■ **YOUR OBJECTIVE**:
The whole listing is to be given again without alteration, except that its pictures are dropped.

■ **DATA BLOCK**:
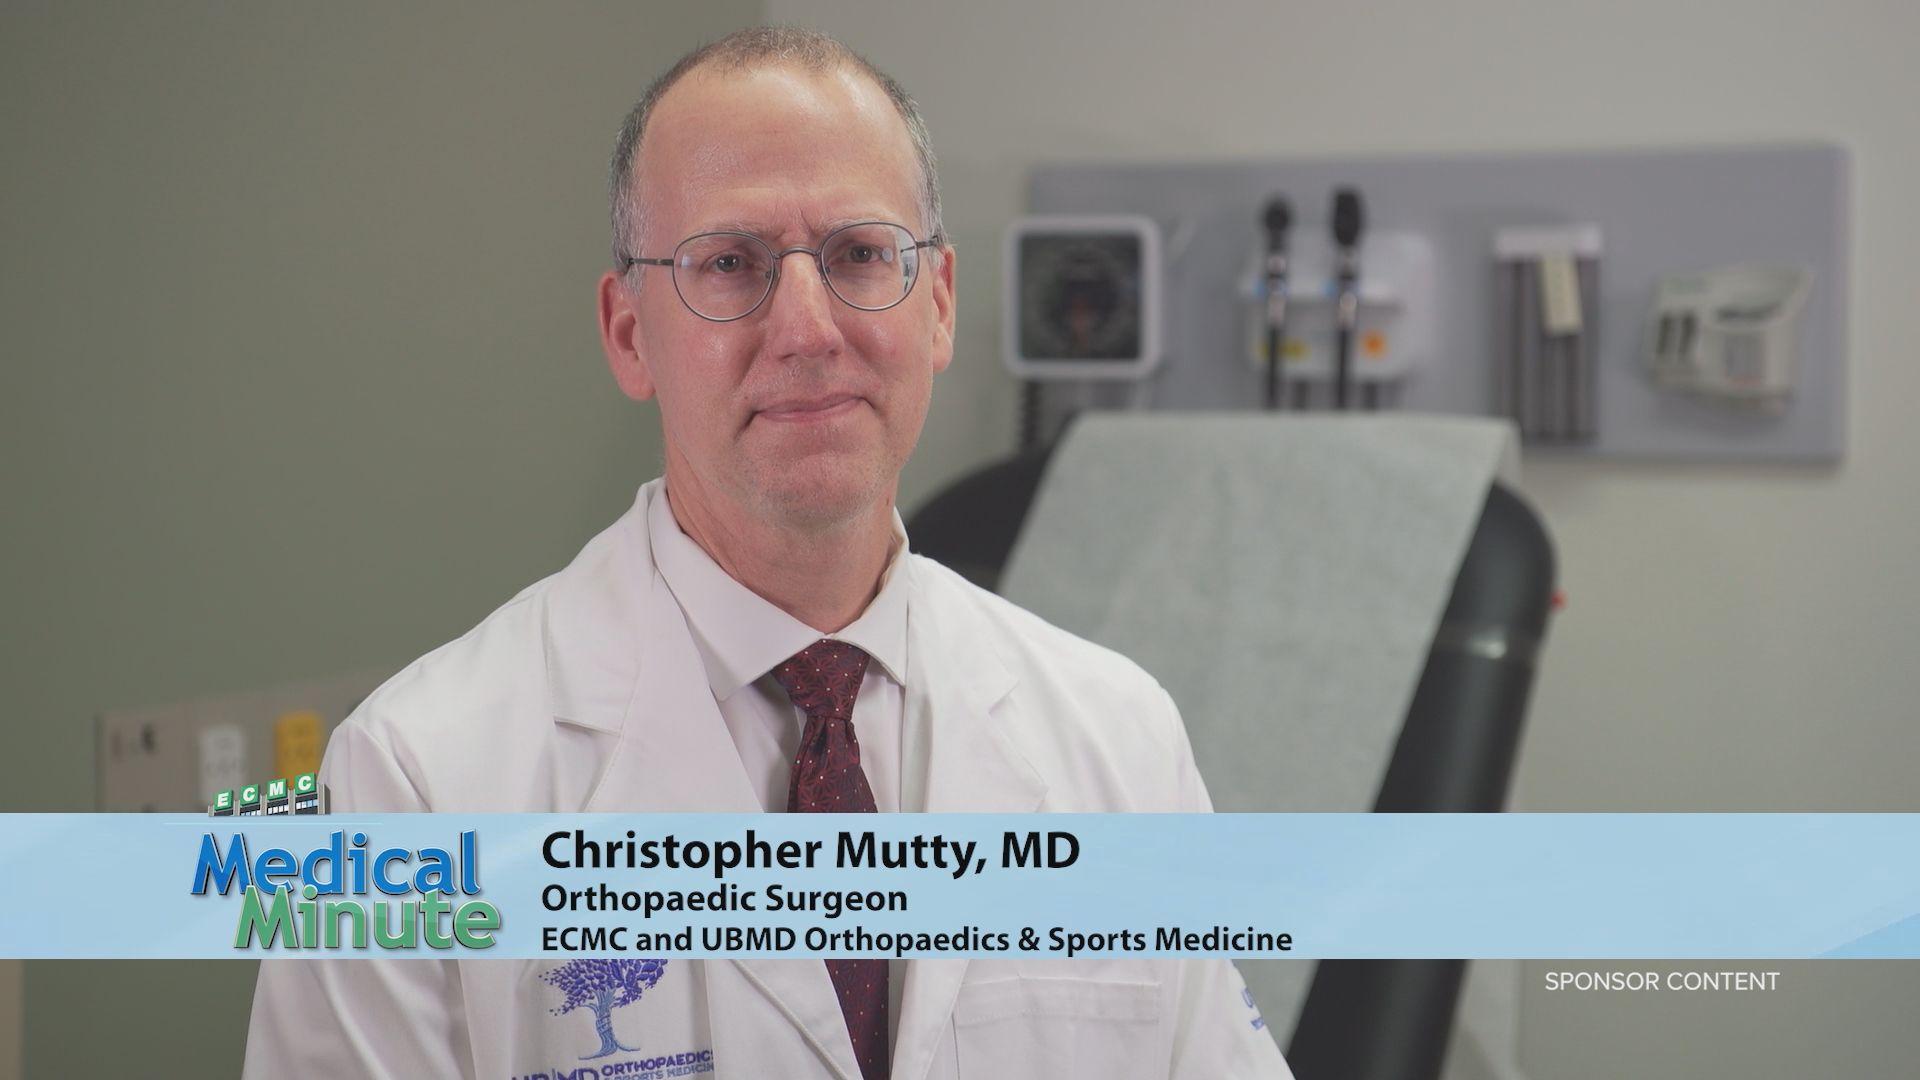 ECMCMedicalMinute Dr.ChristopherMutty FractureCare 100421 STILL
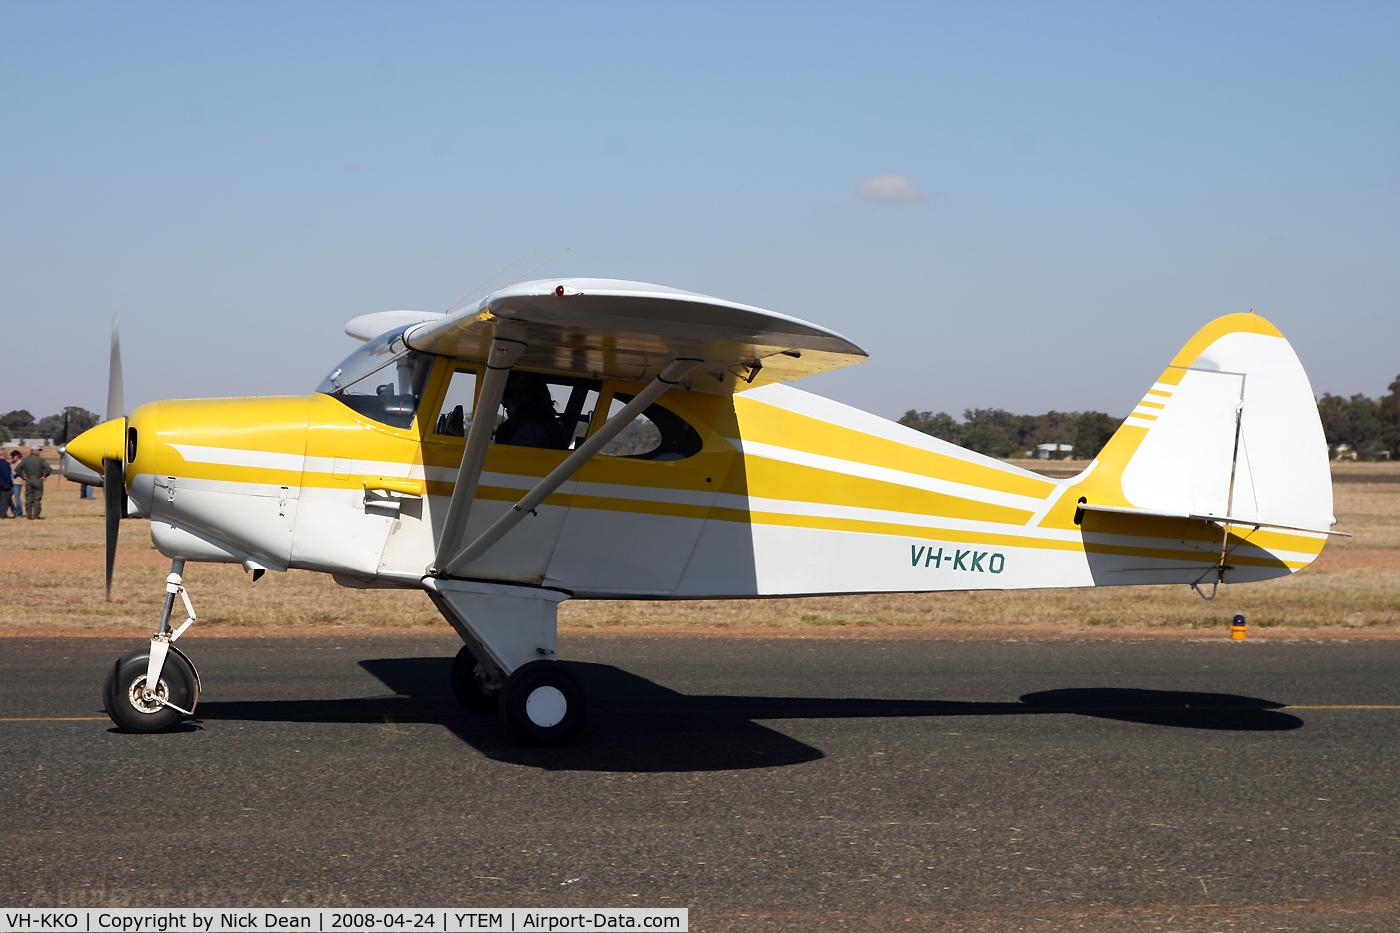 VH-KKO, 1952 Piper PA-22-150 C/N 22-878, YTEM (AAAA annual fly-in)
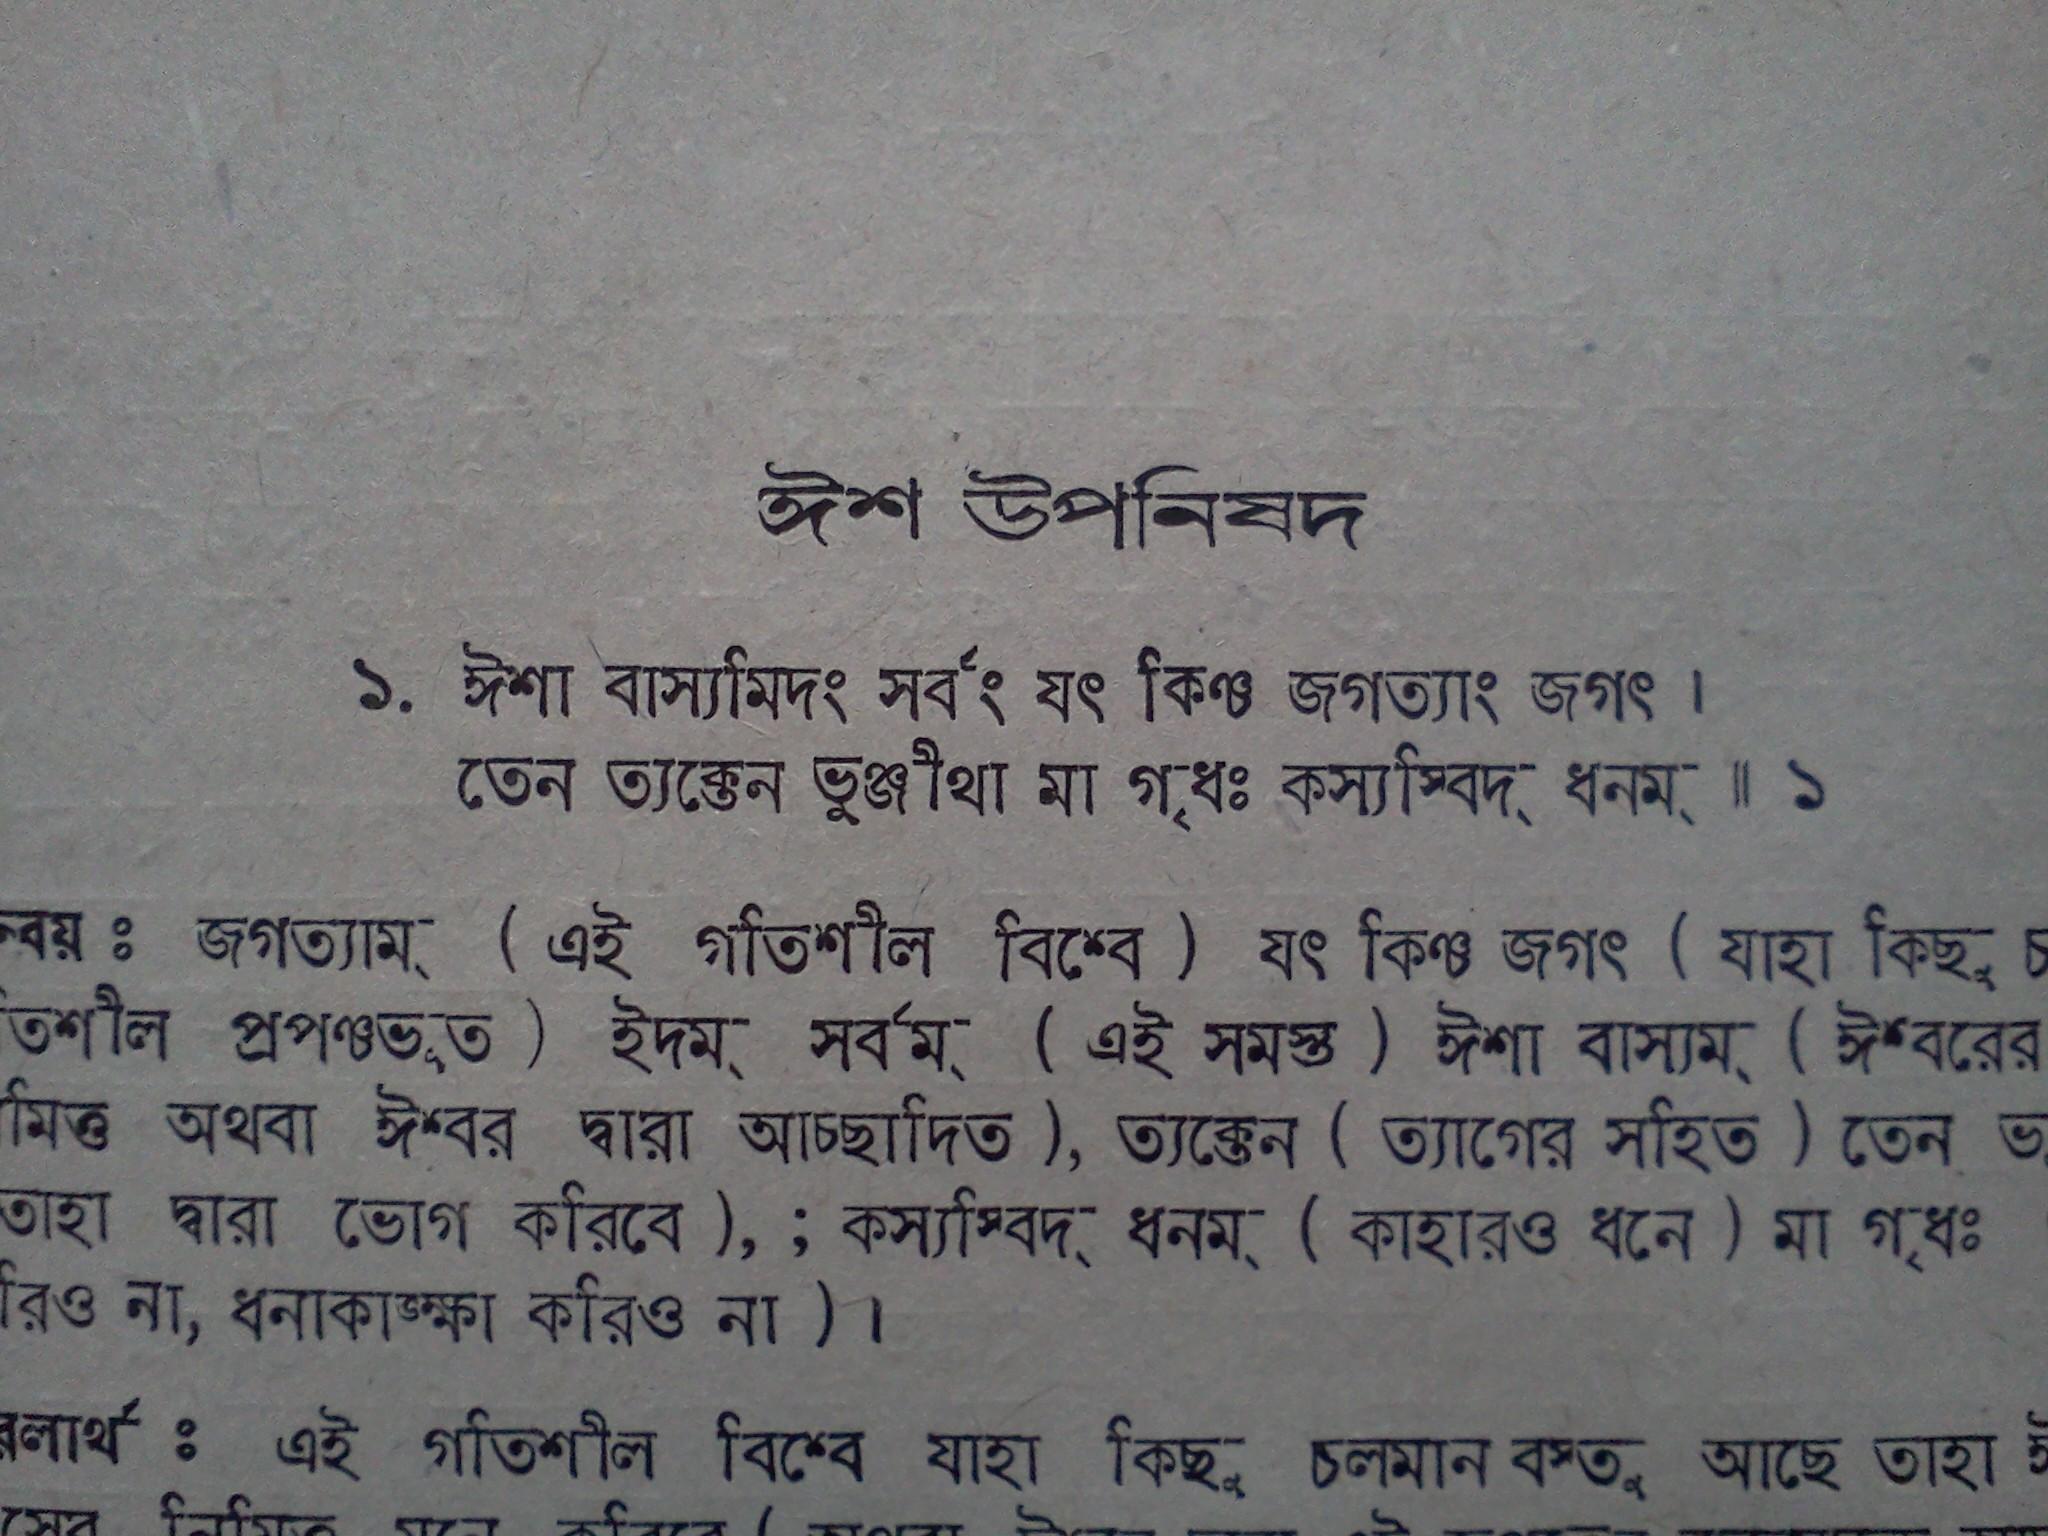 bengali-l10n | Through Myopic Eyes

■ **ANSWER FOR THIS EXERCISE**:
 ECMCMedicalMinute Dr.ChristopherMutty FractureCare 100421 STILL
 VH-KKO, 1952 Piper PA-22-150 C/N 22-878, YTEM (AAAA annual fly-in)
 bengali-l10n | Through Myopic Eyes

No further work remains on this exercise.